BEGIN STORED DATA

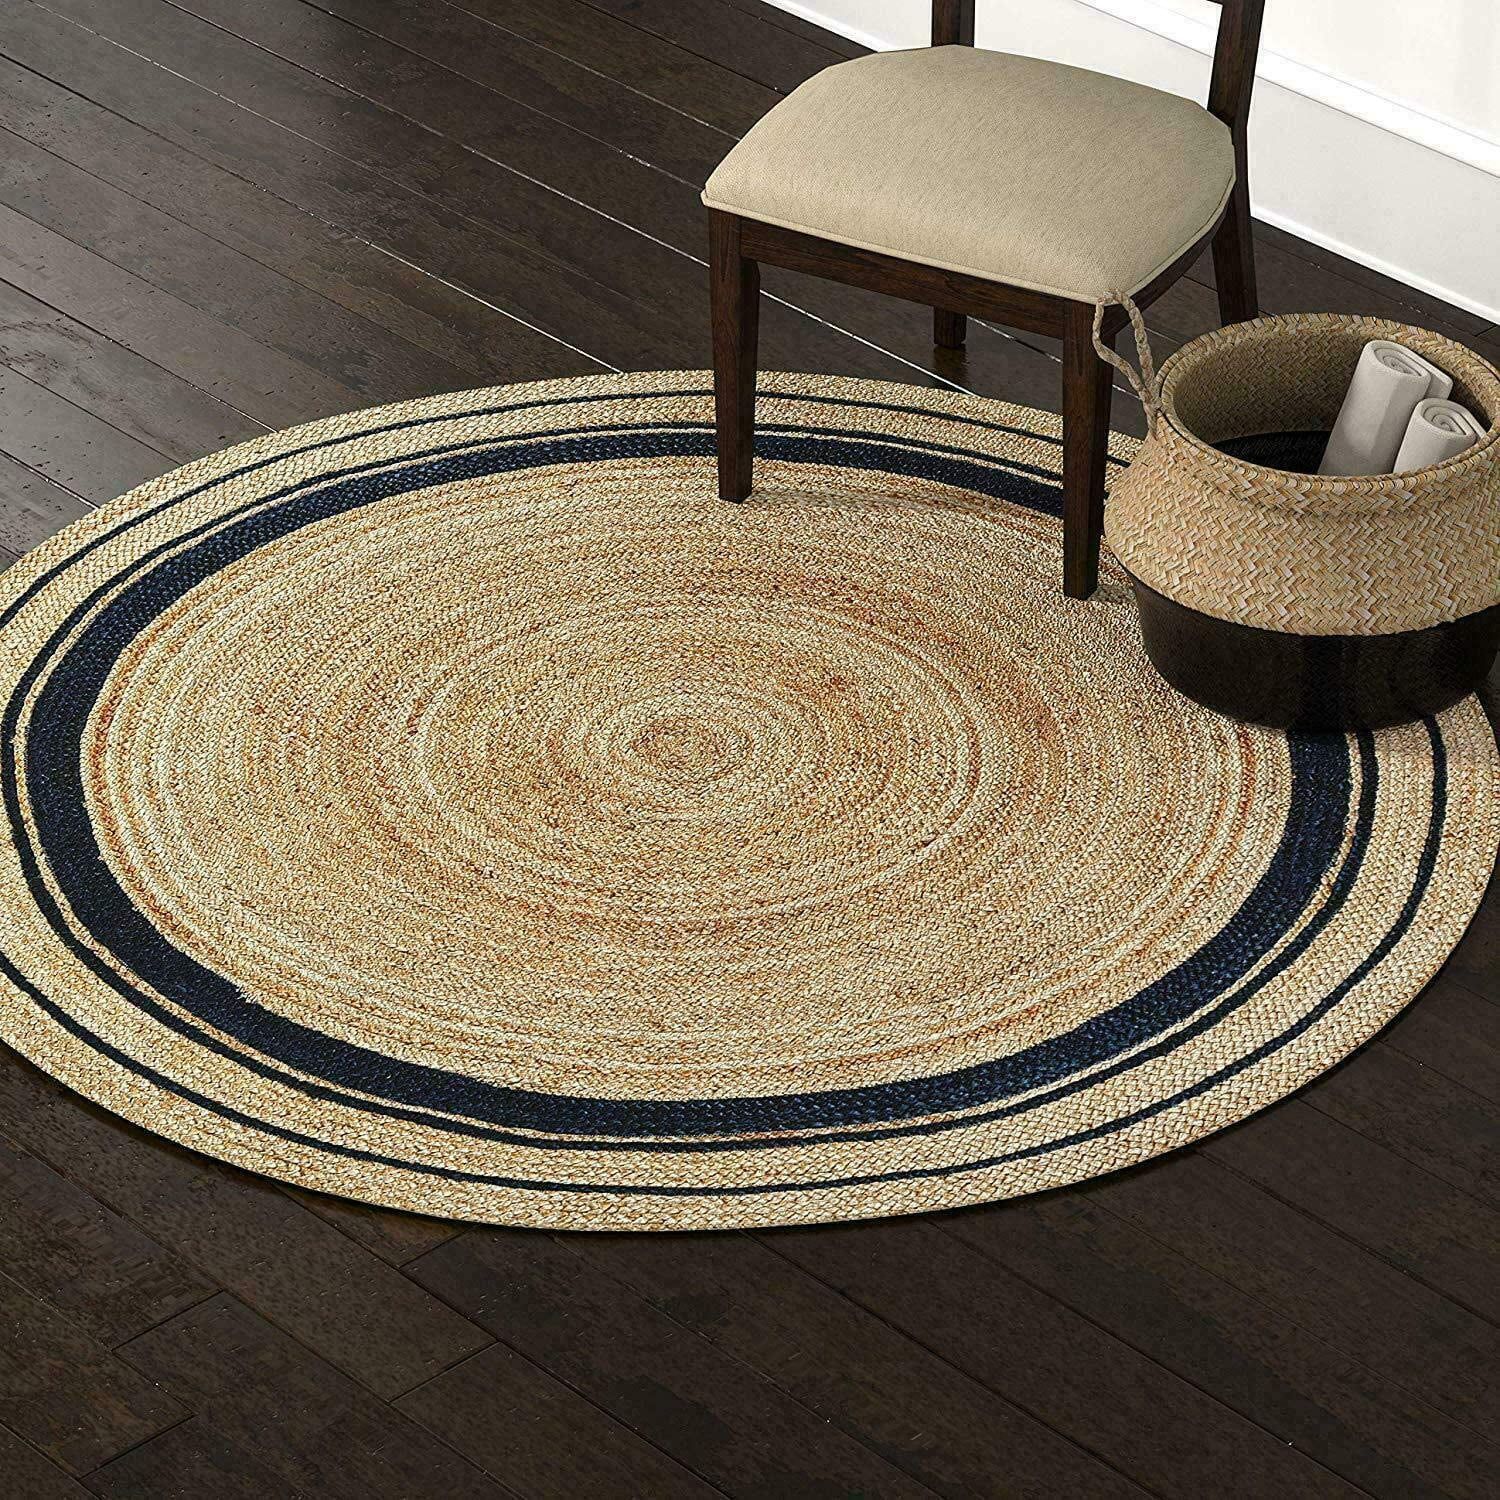 Black Border Handmade Hand Woven Boho Braided Jute Area Rug Natural Fibers Round  Rugs For Living Room, Kitchen, Indoor & Outdoor Carpet  2” Feet (24 Inch) –  Walmart Pertaining To Border Round Rugs (Photo 4 of 15)
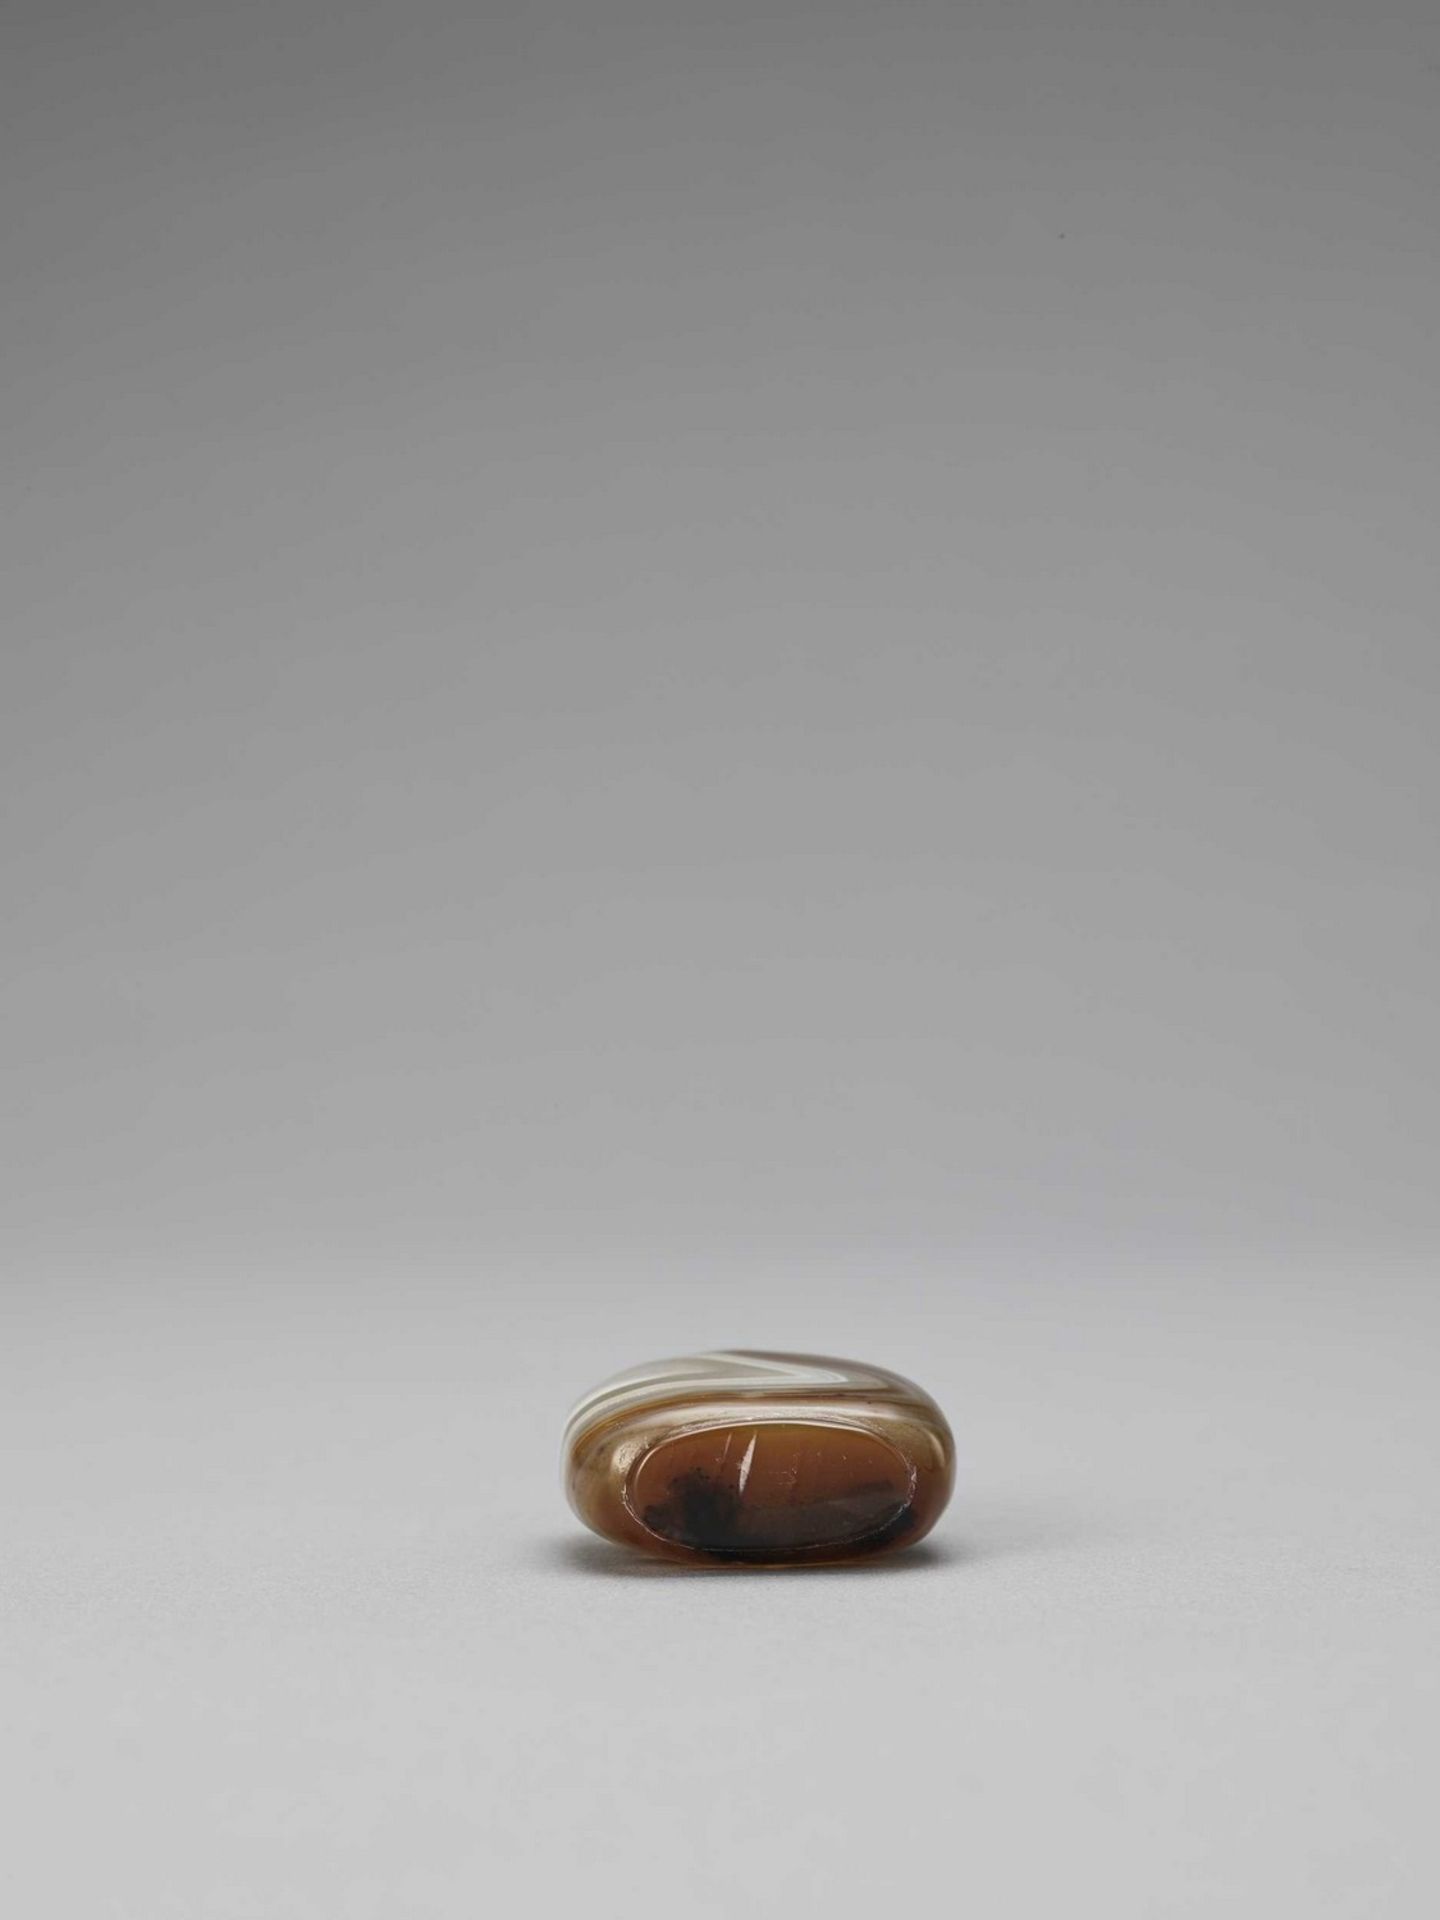 A BANDED AGATE SNUFF BOTTLE, LATE QING TO REPUBLIC - Image 6 of 6
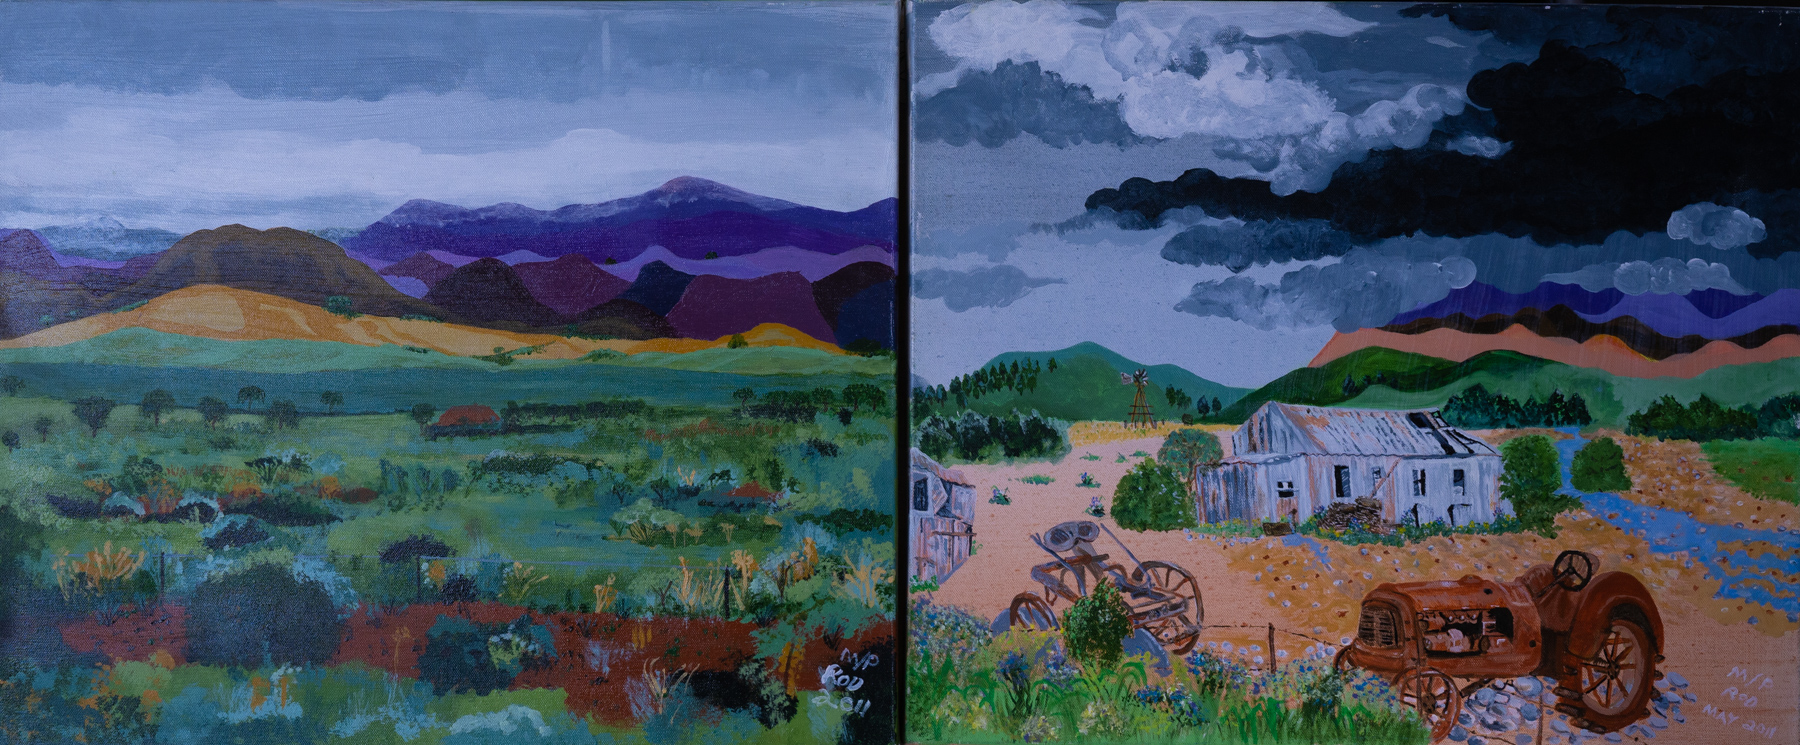 Two paintings of country scape with moody purple, blue, grey sky

END STORED DATA

TASK OBJECTIVE: Leaving every picture out, write out exactly the lines from the one that holds "A BANDED AGATE" through the end of the listing, both included.

SOLUTION FOR THIS PROBLEM:
 A BANDED AGATE SNUFF BOTTLE, LATE QING TO REPUBLIC - Image 6 of 6
 Two paintings of country scape with moody purple, blue, grey sky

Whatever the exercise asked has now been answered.